В тридцать восьмом году — Николай был тогда молоденьким лейтенантом — она услышала по радио, что три советские девушки поставили новый мировой рекорд на дальность полета. Почти шесть тысяч километров, Москва — Дальний Восток. Люба была в полном восторге, особенно от Марины Расковой, которая перед вынужденной посадкой прыгнула с парашютом и десять дней блуждала по тайге. С одной плиткой шоколада десять дней по тайге. Окончив школу, Люба устроилась на работу в лабораторию воздушной Академии, где в свое время работала ее кумир, Марина Раскова. И все же Люба осталась актрисой. Она всегда и всем своим поведением стремилась доказать, что не позволит своему высокопоставленному брату командовать собой. На своем она настояла только один-единственный раз. Уже теперь, после смерти…
Кондратьев по-прежнему не отрывал взгляда от картины над тахтой. Наивно написанная сцена в джунглях, игра красок, зеленые тона с примесью красного и белого и клочком светлого, сине-зеленого неба. В центре картины схватились два зверя. Гитта нарушила вновь возникшее молчание втроем, дав пояснение: «Ягуар напал на лошадь. Картина француза Анри Руссо. В год смерти 1910. Оригинал висит в Пушкинском музее…» — «А мы сегодня под вечер познакомились с другой картинной галереей, с Любиной. Она хранилась у нее в коробке из-под обуви. Ее фотографии». Заслышав эти слова, Кондратьев оторвал взгляд от картины, а Анна Ивановна вынула из своей сумочки две карточки размером с почтовую открытку и дала посмотреть Гитте. На каждой из карточек — обе желтоватого оттенка, обе явно напечатаны в одной лаборатории — были изображены соответственно два мужчины, на первой — постарше, на второй — помоложе, оба сняты справа в три четверти, оба улыбаются той вымученной улыбкой, которая возникает по команде: «Улыбочку, пожалуйста!» Одежда заретуширована. Гитта бездумно выразила первое впечатление: «Несомненное сходство!» Но еще не завершив свою бездумную реплику, она смертельно испугалась. Потому что узнала старшего. Это был Бенно Хельригель. И это было увеличение с ее снимка, сделанного летом прошлого года. Мужчина помоложе был отнюдь не Хельригель в молодые годы. Это был другой человек. И все же сходство оставалось несомненным. Глаза, рот, и у обоих узкий характерный нос, металлический, как она его называла. Гитта указала на фотографию: «Кто этот молодой человек?»

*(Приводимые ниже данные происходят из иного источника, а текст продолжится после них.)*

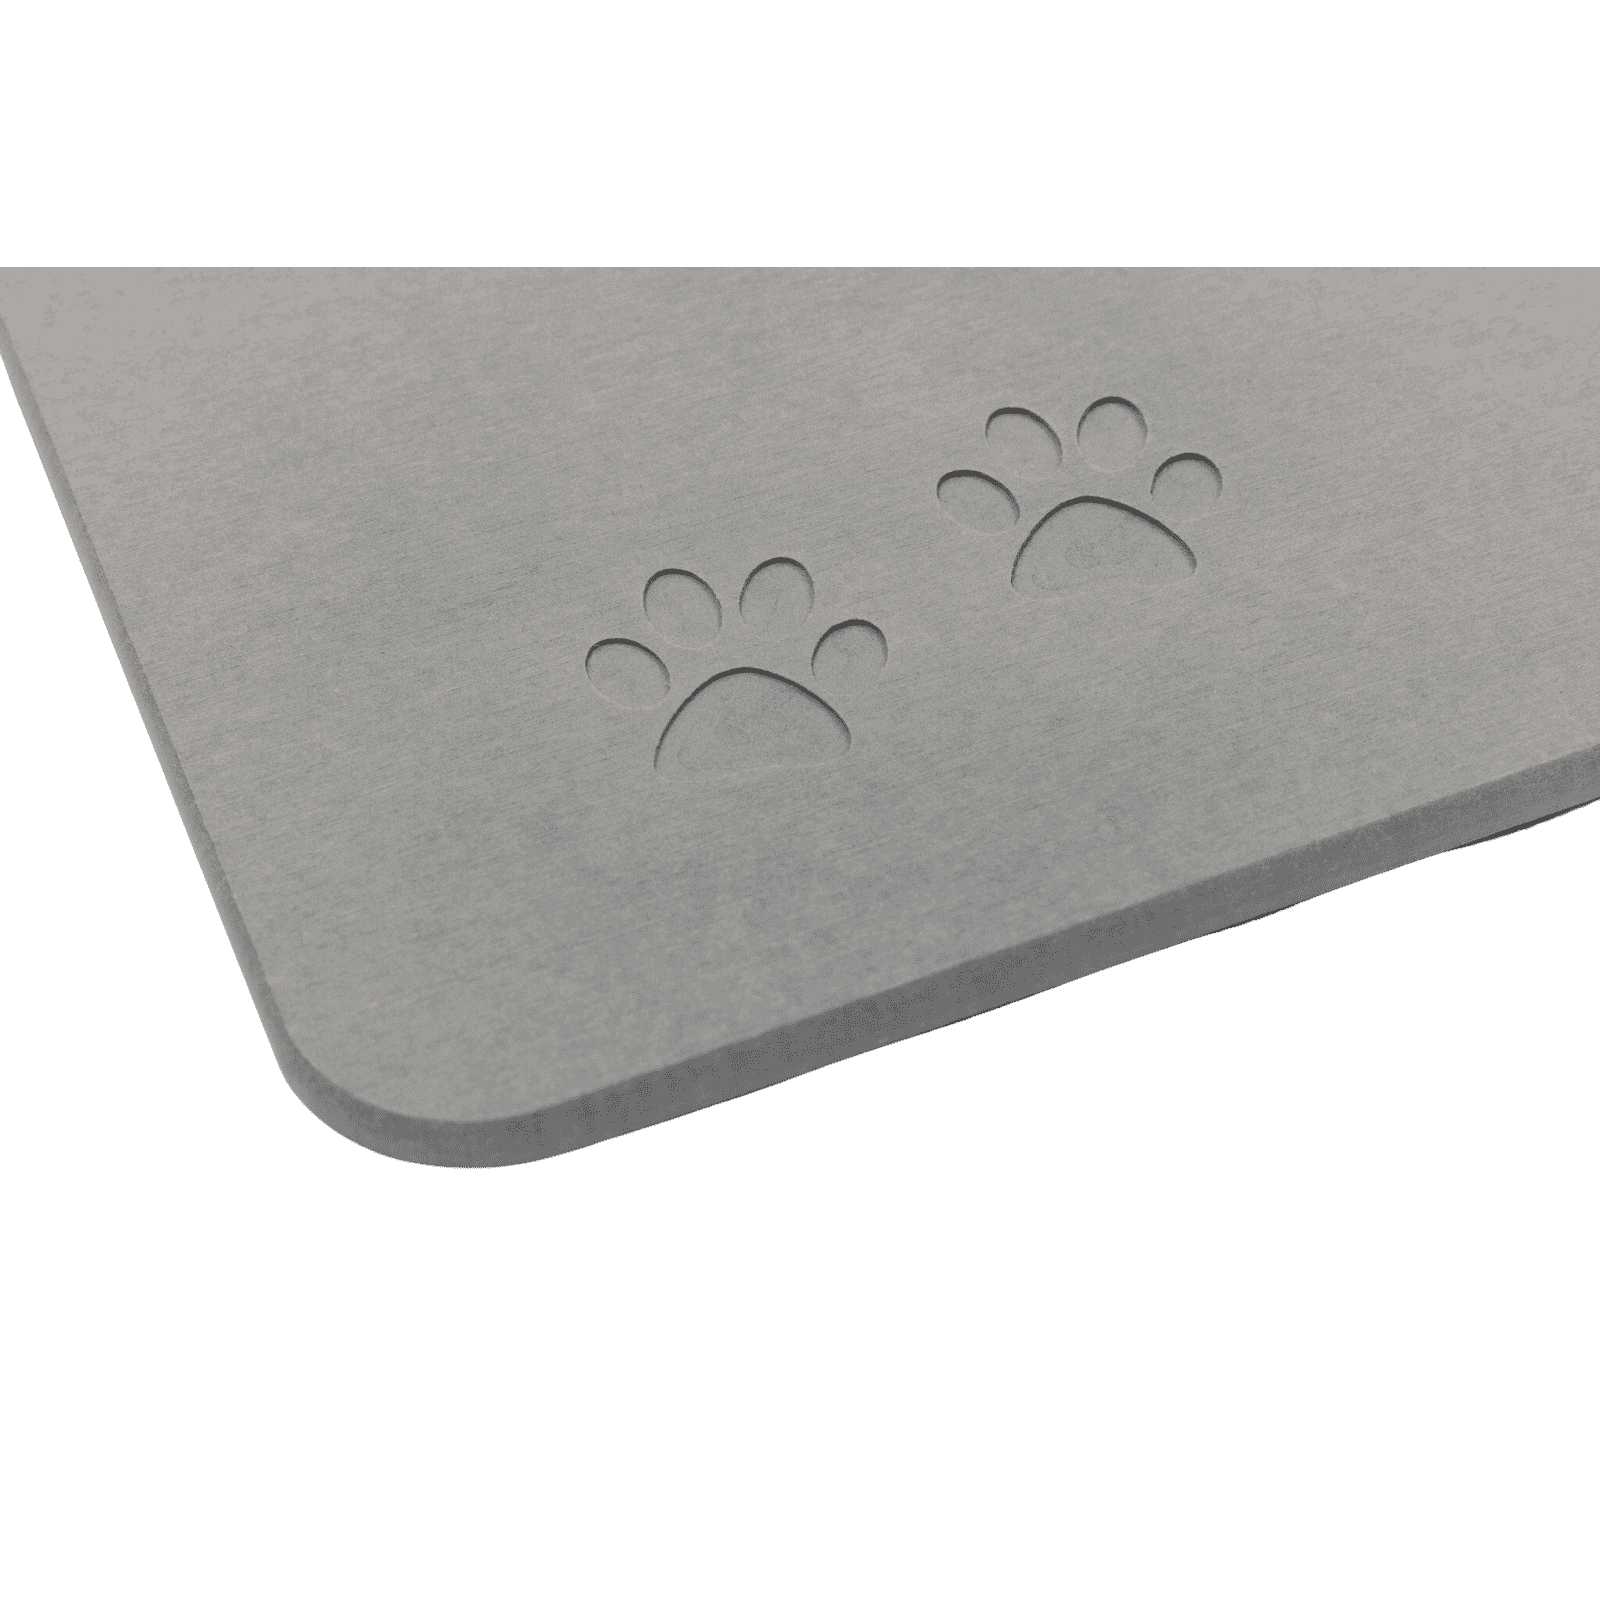 Water-absorbing Pet Feeding Mat - Water-absorbing Dog Mat For Food And Water  Bowls - Stain-free And Easy-to-clean Dog Food Mat - Quick-drying Dog Water  Dispenser Mat - Puppy Supplies Dog Supplies 
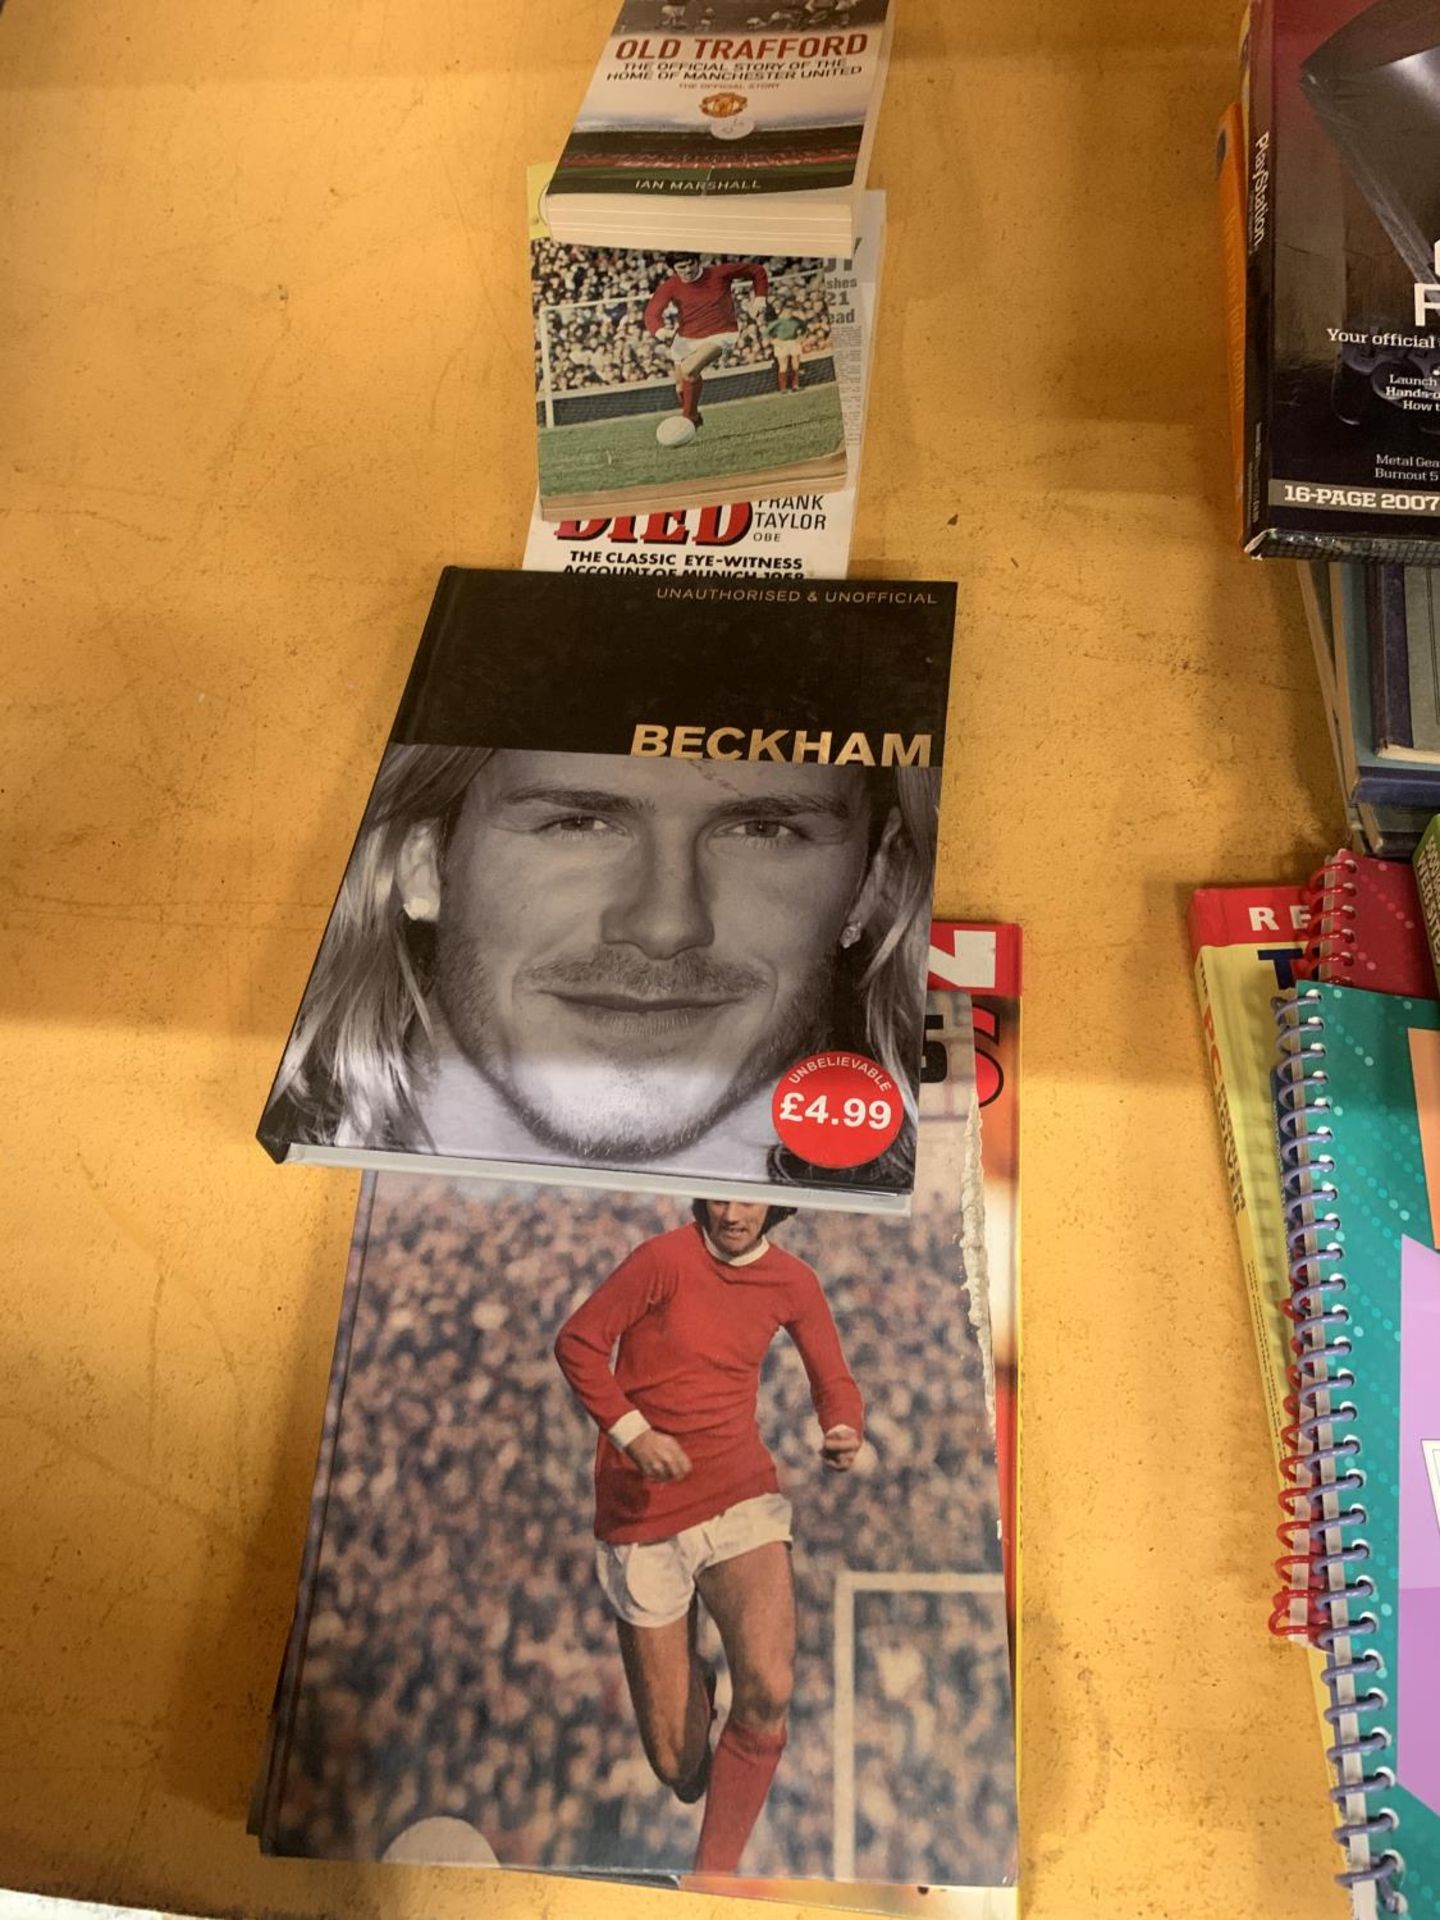 A QUANTITY OF MANCHESTER UNITED BOOKS TO INCLUDE 'THE DAY A TEAM DIED', 'BECKHAM', ETC

Ответа не последовало. Вместо того Кондратьев указал на вторую фотокарточку.
— А это кто?
— Это мой бывший муж, это…
Кондратьев вскочил, подошел к окну, чтобы скрыть свое волнение, чтобы совладать с ним. Анна Ивановна указала на снимок: «А это Андрей, сын Любы». Он до сего дня и не подозревает, кто его настоящий отец. Еще до родов Люба — она работала медсестрой в госпитале — вышла замуж за молодого капитана, летчика Гаврюшина. Он потерял на войне обе ступни. И здоровые легкие. Ребенка он признал. Умер Гаврюшин осенью в шестидесятом. Другого Люба искать не стала. Андрей уже офицер. Само собой летчик. Служит на Дальнем Востоке. Завтра утром прилетит. А вы раньше ни о чем не догадывались? Ведь карточка Андрея всегда стояла у нее на столе.
— Когда я у нее бывала, там стояла карточка Гаврюшина.
— Теперь вы понимаете, Гитта, почему мы к вам пришли.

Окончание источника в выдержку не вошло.